All too soon the door was flung wide, and hands hauled her to her feet. Torchlight flickered from the corridor, blinding her tired eyes. Absolute desperation filled her as she staggered on her agonized feet out into the passage. Where now? Down into the depths of this place? Depths reeking of pain, haunted by the screams of so many. She stumbled forward, barely aware of the gray robes of the figures in front of her, of the hands on her arm keeping her upright.

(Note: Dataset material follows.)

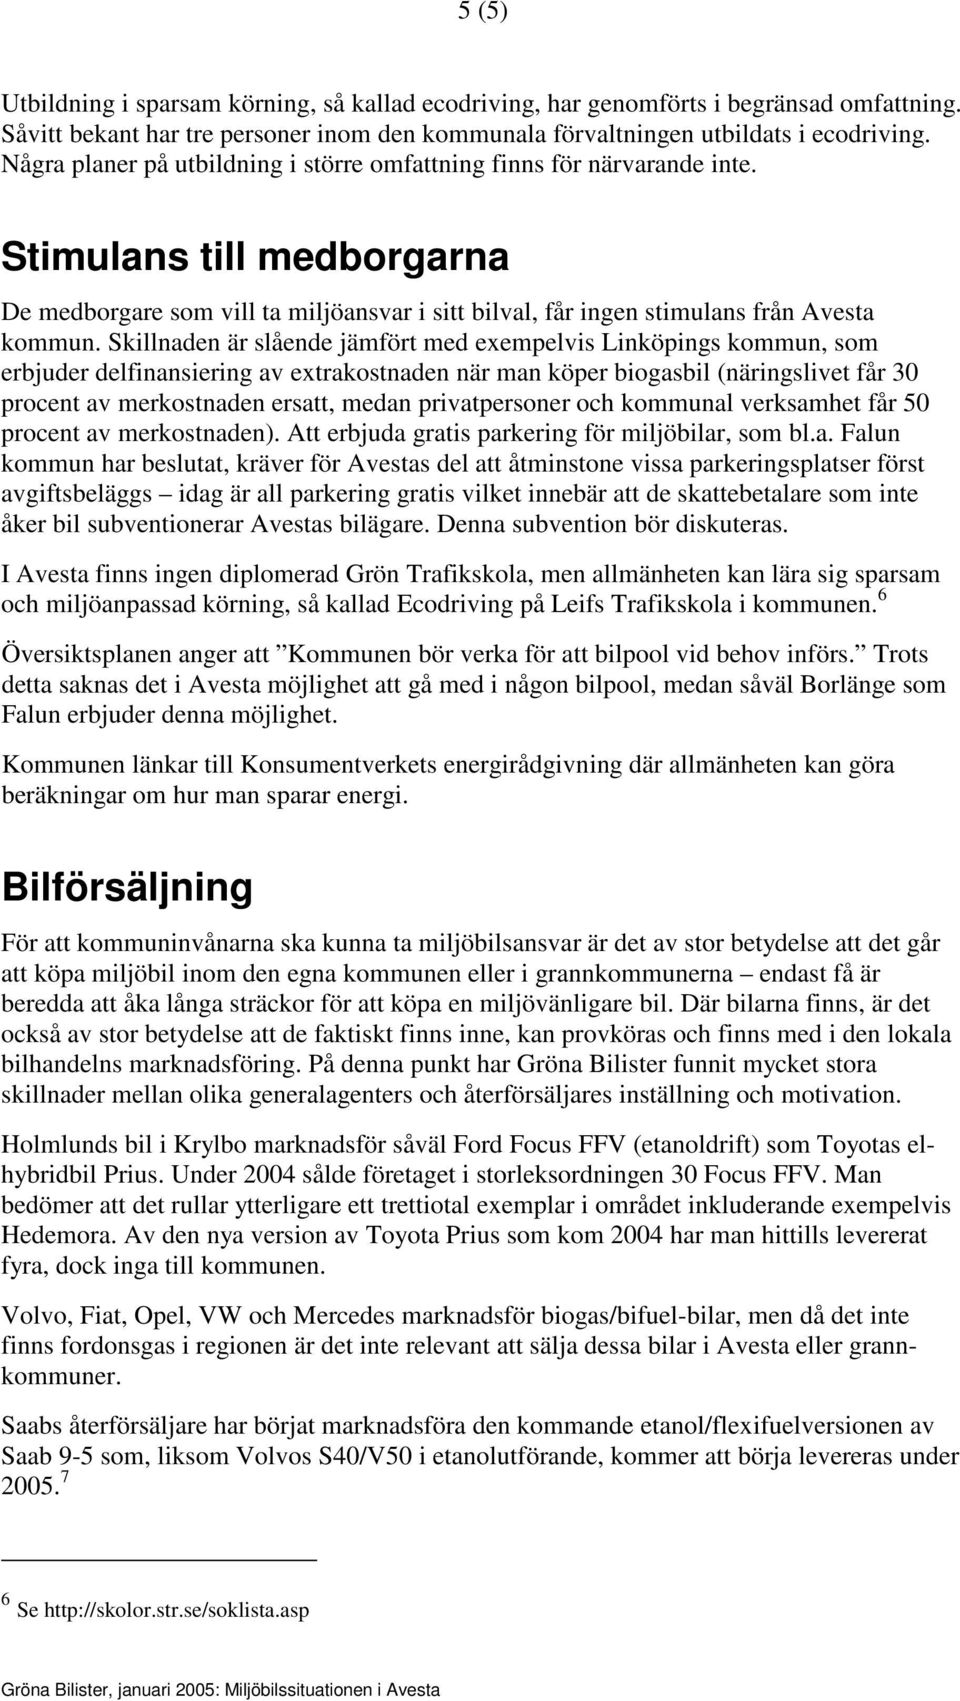 Skillnaden är slående jämfört med exempelvis Linköpings kommun, som erbjuder delfinansiering av extrakostnaden när man köper biogasbil (näringslivet får 30 procent av merkostnaden ersatt, medan

They stopped. A key grated in the darkness. A door creaked open. A square of lighter gray appeared. A hand in the small of her back propelled her forward. She tripped over the raised threshold of a door, lifted her feet with a blind, supreme effort, stepped through the doorway, and found herself standing, swaying, drawing deep gulps of fresh night air.
Abul moved out of the shadows in the deserted court. He stopped, frozen with horror as he sensed her dreadful pain. They had pulled her hair away from her face, so tightly that her forehead was puckered, and tied it with a piece of twine at the nape of her neck. They had dressed her in a penitential robe of coarse sacking. Her eyes stared blankly from the deathly pallor of her face.
“Sarita.” He spoke her name as if only thus could he be certain she was no spirit, condemned to wander the halls of the Inquisition in her soul’s agony.
Her head turned slowly, as if she had to think through each phase of the movement. “Abul?”